On April 12, 2012, the Centers for Medicare & Medicaid Services (CMS) codified the new reporting requirements, confidentiality protections, and penalty provisions for pharmacy benefits manager (PBM) data.

Section 1150A of the Patient Protection and Affordable Care Act (PPACA) (P.L. 111-148), as amended by section 6005 of the Act, requires Medicare Part D sponsors and other entities that provide pharmacy benefits management services (PBMs) to report various data elements to CMS. The statute specifies that this data is confidential and generally must not be disclosed by the government or by a plan receiving the information, except in certain instances when the government is allowed to disclose the information in a non-identifiable form. These new requirements will be codified at 42 C.F.R. section 423.514(d) effective June 1, 2012.  There are severe penalties for those that fail to meet these requirements.

 Reporting Requirements

The new regulations require each entity that provides pharmacy benefits management services to provide to the Part D sponsor, and for each Part D sponsor to provide to CMS:

  • The total number of prescriptions that were dispensed.
  • The percentage of all prescriptions that were provided through retail pharmacies compared to mail order pharmacies.
  • The percentage of prescriptions for which a generic drug was available and dispensed, by pharmacy type, that are paid by the Part D sponsor or PBM under the contract. The pharmacy types include independent, chain, supermarket, or mass merchandiser pharmacies that are licensed by the State and that dispense medication to the general public.  
  • The aggregate amount and type of rebates, discounts, or price concessions that the PBM negotiates that are attributable to patient utilization under the plan. This data does not include bona fide service fees, which CMS newly defines in 42 C.F.R. 423.501 as fees paid by a manufacturer to an entity that represent fair market value for a bona fide, itemized service actually performed on behalf of the manufacturer that would otherwise be performed (or contracted for) by the manufacturer in the absence of the service arrangement, and that are not passed on in whole or in part to a customer of an entity, whether or not the entity takes title to the drug.
  • The aggregate amount of the rebates, discounts, or price concessions that are passed through to the plan sponsor, and the total number of prescriptions that were dispensed.
  • The aggregate amount of the difference between the amount the Part D sponsor pays the PBM and the amount that the PBM pays retail pharmacies, and mail order pharmacies.

 Data Confidentiality

 The data disclosed by a Part D sponsor or PBM under these rules is confidential and must not be disclosed by the Secretary of HHS or by any plan receiving the data. The Secretary, however, may disclose the data as necessary to carry out the provisions of PPACA, Part D of Title XVIII, or to permit the review of the data by the Comptroller General or the Director of the Congressional Budget Office.  In addition, when disclosing the data, the Secretary must only disclose it in a form which does not reveal the identity of a specific PBM, plan, or prices charged for drugs.

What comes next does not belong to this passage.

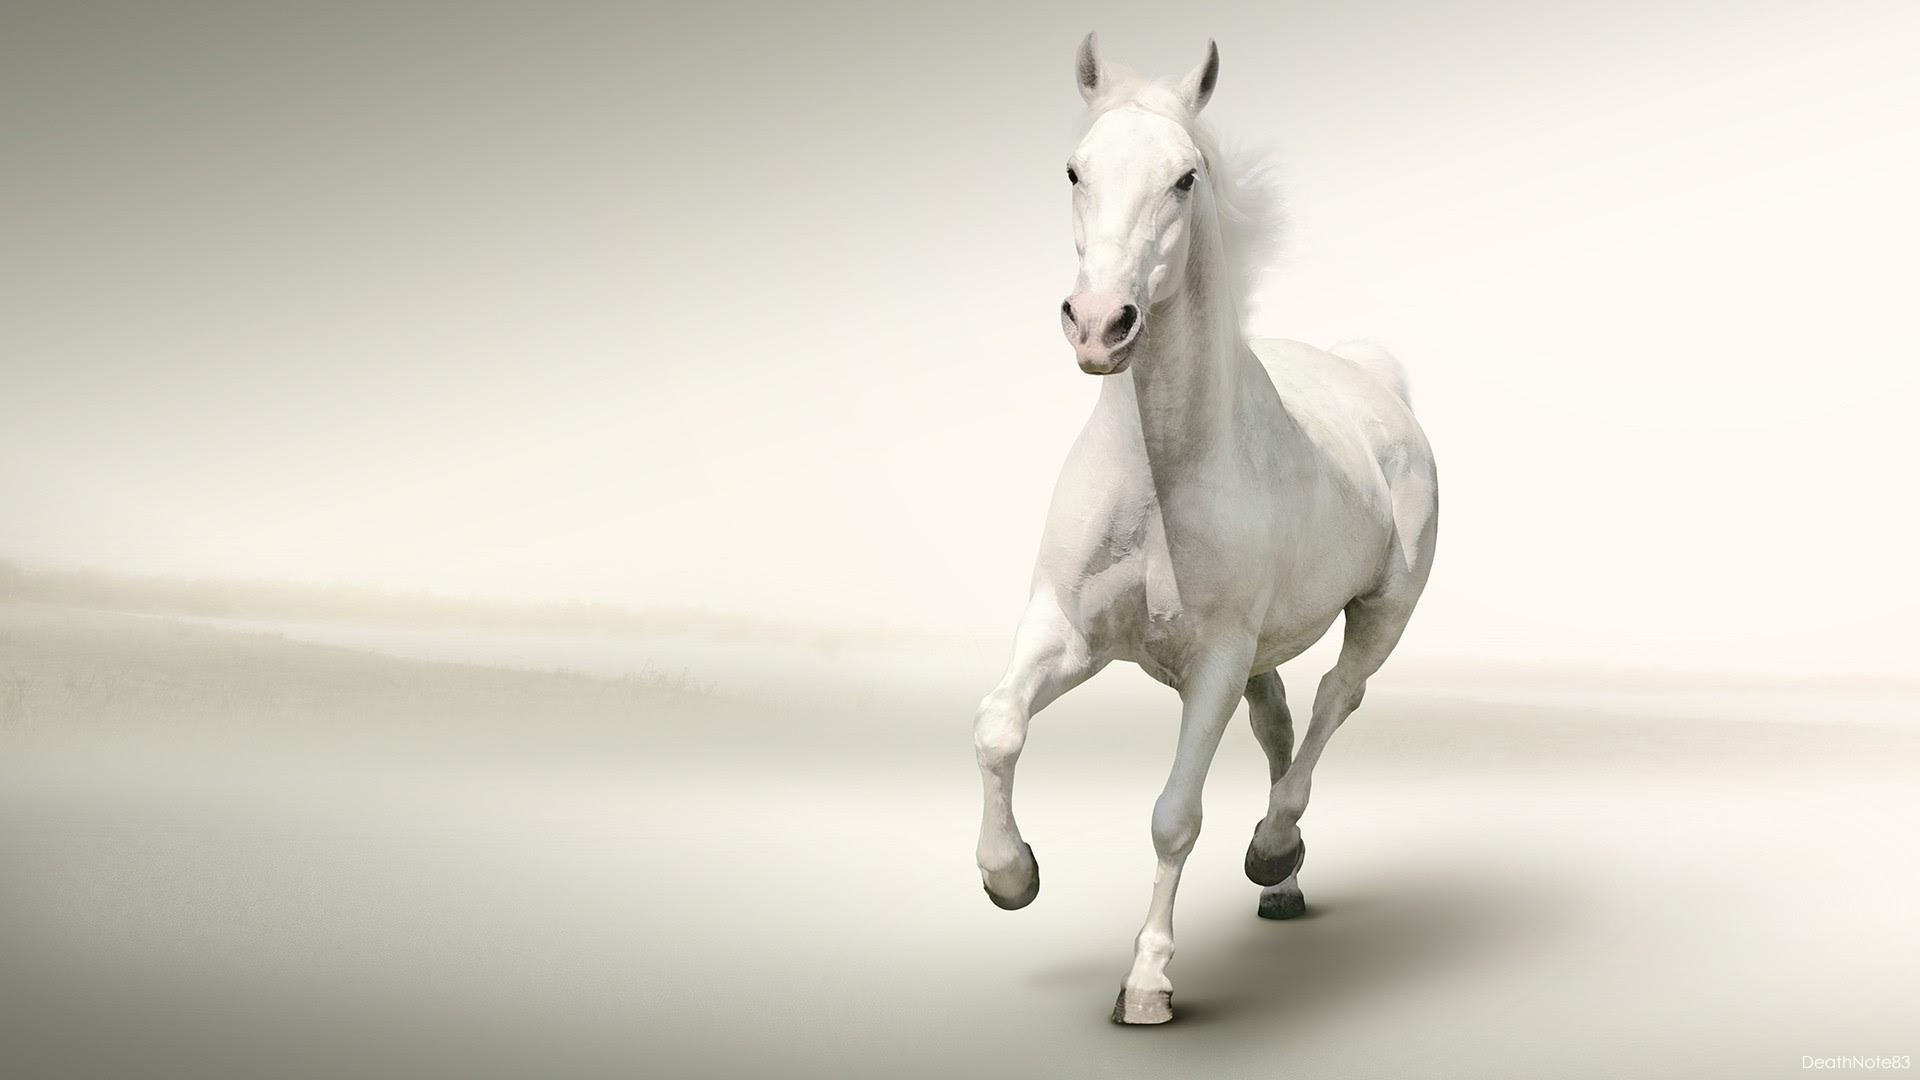 White Horse Full Hd 7 Horse Hd ...

If a Part D sponsor or PBM fails to provide the required data on a timely basis or knowingly provides false data, the penalty provisions of section 1927(b)(3)(C) of the Social Security Act  are applicable. Failure to provide data on a timely basis may result in a penalty of up to $10,000 per day. Knowingly providing false information may result in a civil money penalty in an amount not to exceed $100,000 for each item of false information.  The financial penalty for knowingly providing false information is in addition to any other that may be imposed by law.